The arguments considered thus far do not succeed in undermining the case for vegetarianism. Basic appeals to evolution and nature ignore the human potential for moral thought, and the unproven assertion that animals are not sentient does not provide a means by which to avoid the moral implications of our treatment of animals. Many people convert to vegetarianism upon learning of the reality of meat production and deciding that the acts involved are immoral. Unfortunately, for many people behavioural change of this kind represents the path of greatest resistance, and so they’ll use various arguments to exempt themselves from guilt. Three of these will be briefly considered here.
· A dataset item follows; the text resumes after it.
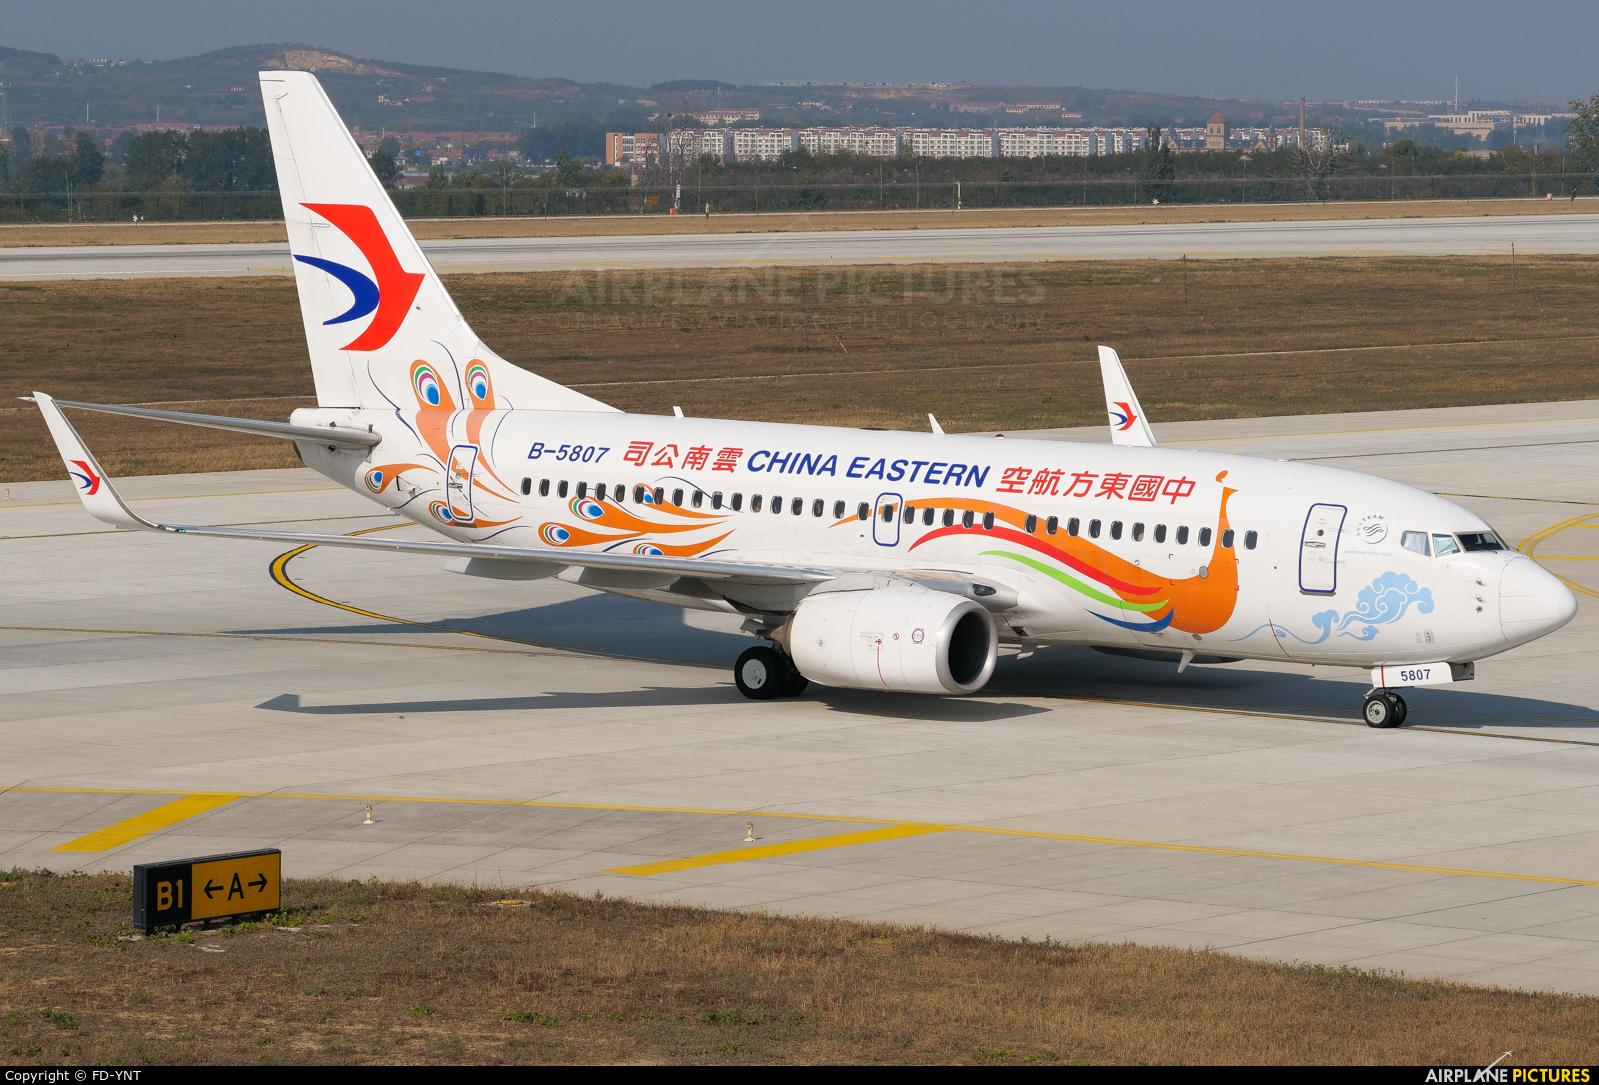 China Eastern Airlines B-5807 aircraft at Yantai Penglai Intl

“Eating meat is part of our culture”. Eating meat is certainly part of our culture, but that is all it is. It is a behaviour that has emerged from sociocultural evolution, not biological necessity. It is not something which must be part of our culture and it is not something that any individual is obliged to do. People can and do choose not to eat meat. Therefore, those who do eat meat but feel uneasy about the killing of animals or suspect that the way in which those animals are treated is immoral can’t hide behind the fact that eating meat is culturally normative. Slavery was once part of Western culture, but that doesn’t mean that it was right or that those who kept slaves were doing no wrong. Importantly, people identified it as being wrong and campaigned against it.
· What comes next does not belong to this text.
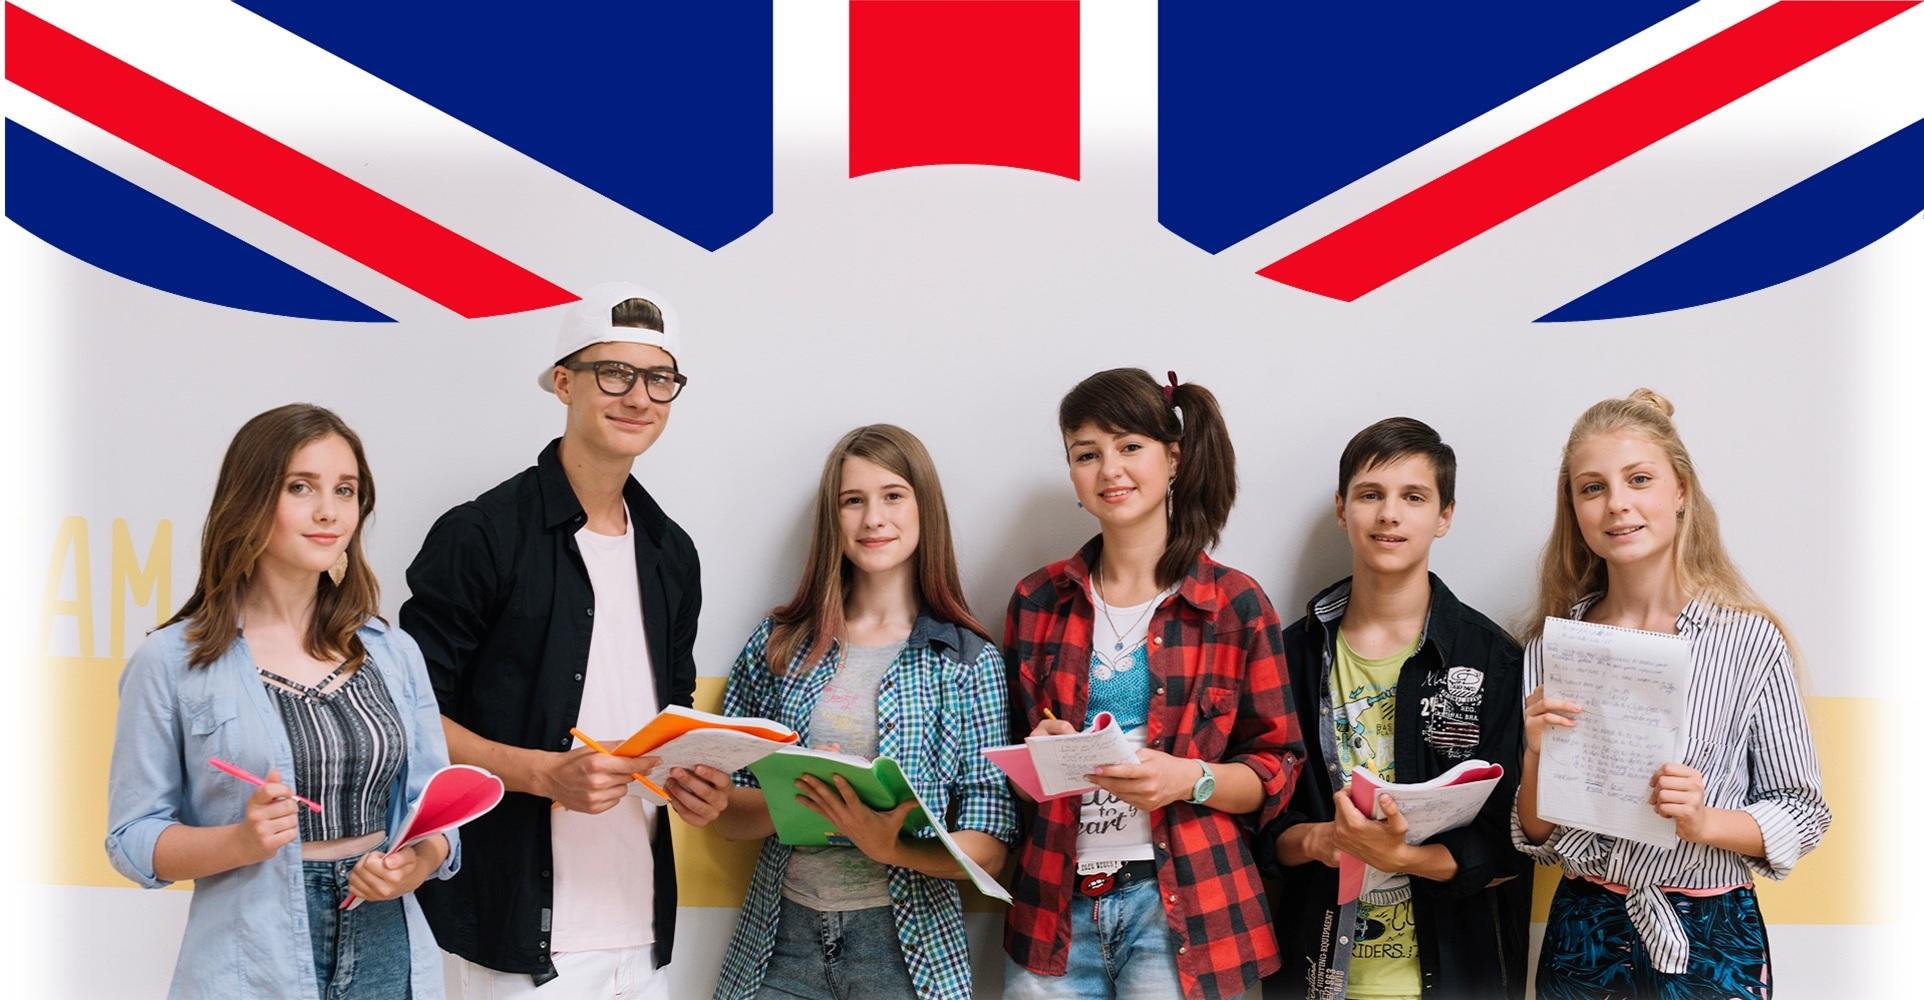 e roma corsi inglese per ragazzi

“I just buy the meat; I’m not doing anything wrong”. This argument fails quite simply because purchasing meat or other animal products contributes to causing demand for those products and their subsequent production. If no one purchased these products, they would not be produced. Anyone who does purchase these products must therefore bear some of the responsibility for the acts required to produce them.
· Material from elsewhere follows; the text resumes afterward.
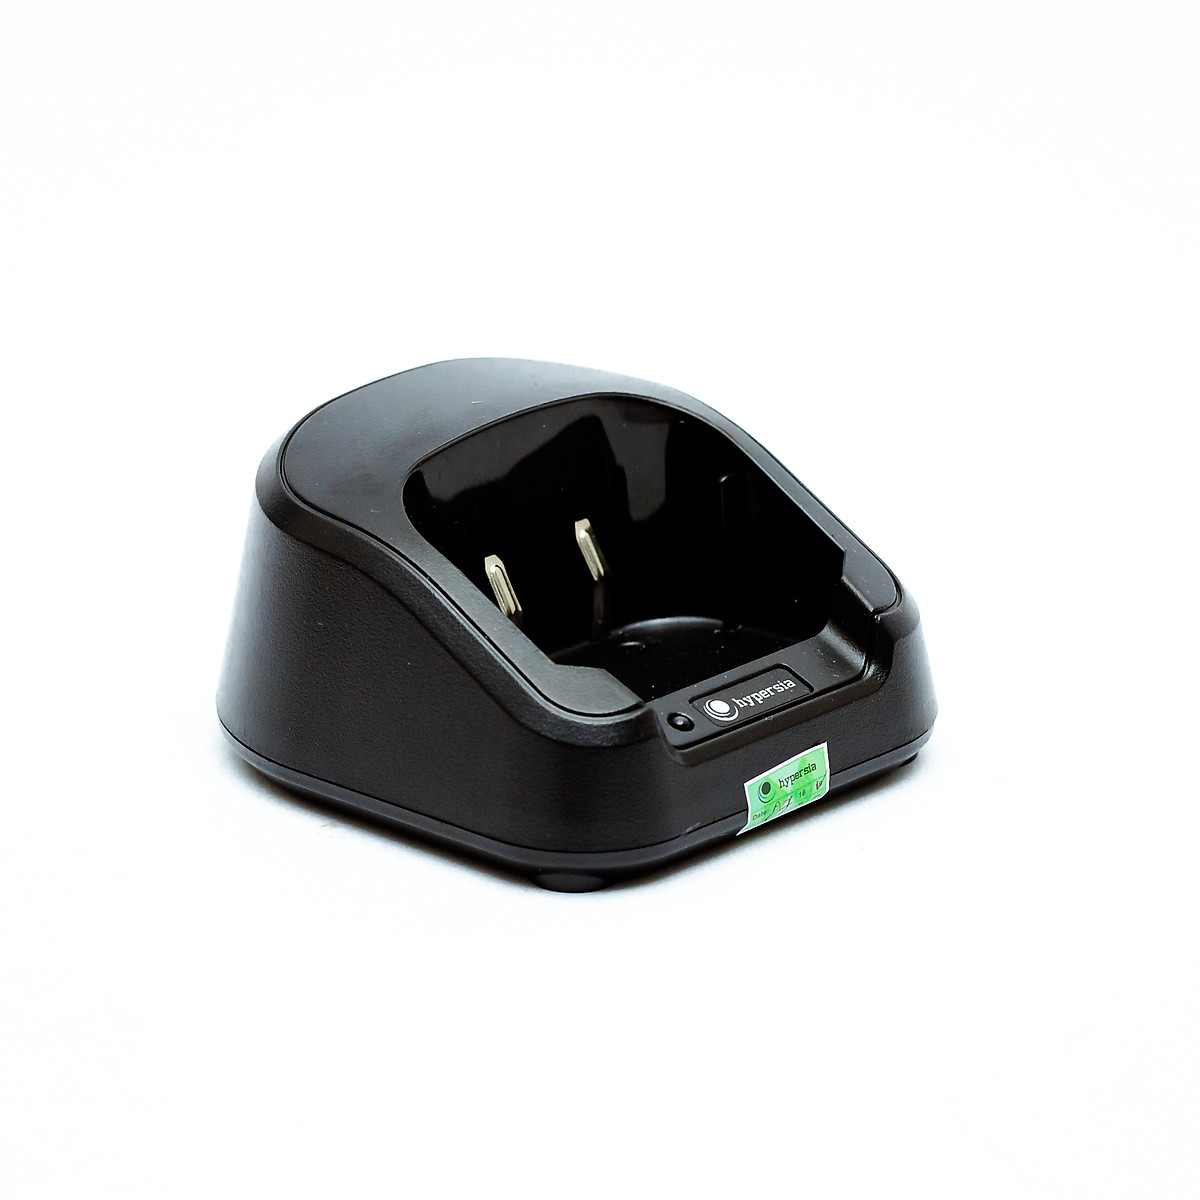 Cốc, đế sạc không dây dùng cho máy bộ đàm Hypersia A2, phụ kiện bộ đàm chính hãng.

“I’m just one person, I can’t make a difference”. While it is true that one person deciding not to eat meat will not make a significant impact on the plight of animals, this fact does not absolve them of their portion of the responsibility. In addition to personal behavioural change, people can also inform others of their reasons for becoming vegetarian and perhaps influence them to change too. Being free of the guilt associated with eating meat and enjoying the health benefits attributed to the vegetarian lifestyle surely makes the decision worthwhile.


Conclusion

The arguments considered here, either alone or collectively, fail to undermine the case for vegetarianism. Individuals with a sufficient level of moral development can not avoid the moral implications of eating meat by appealing to non-existent biological or evolutionary imperatives, intellectual supremacy over animals, cultural acceptability, or unproven claims of animal non-sentience. Eating meat is a choice. It is not something we are meant, required, or compelled, to do. It is something that people can not do and suffer no negative health consequences as a result. On this basis, the decision to eat meat is one of evaluating ones own personal gratification to be of greater importance than the well being of animals: the enjoyment derived from tucking into a beef burger justifies the killing of an animal and all the suffering it endured in its life. This is an indefensible position.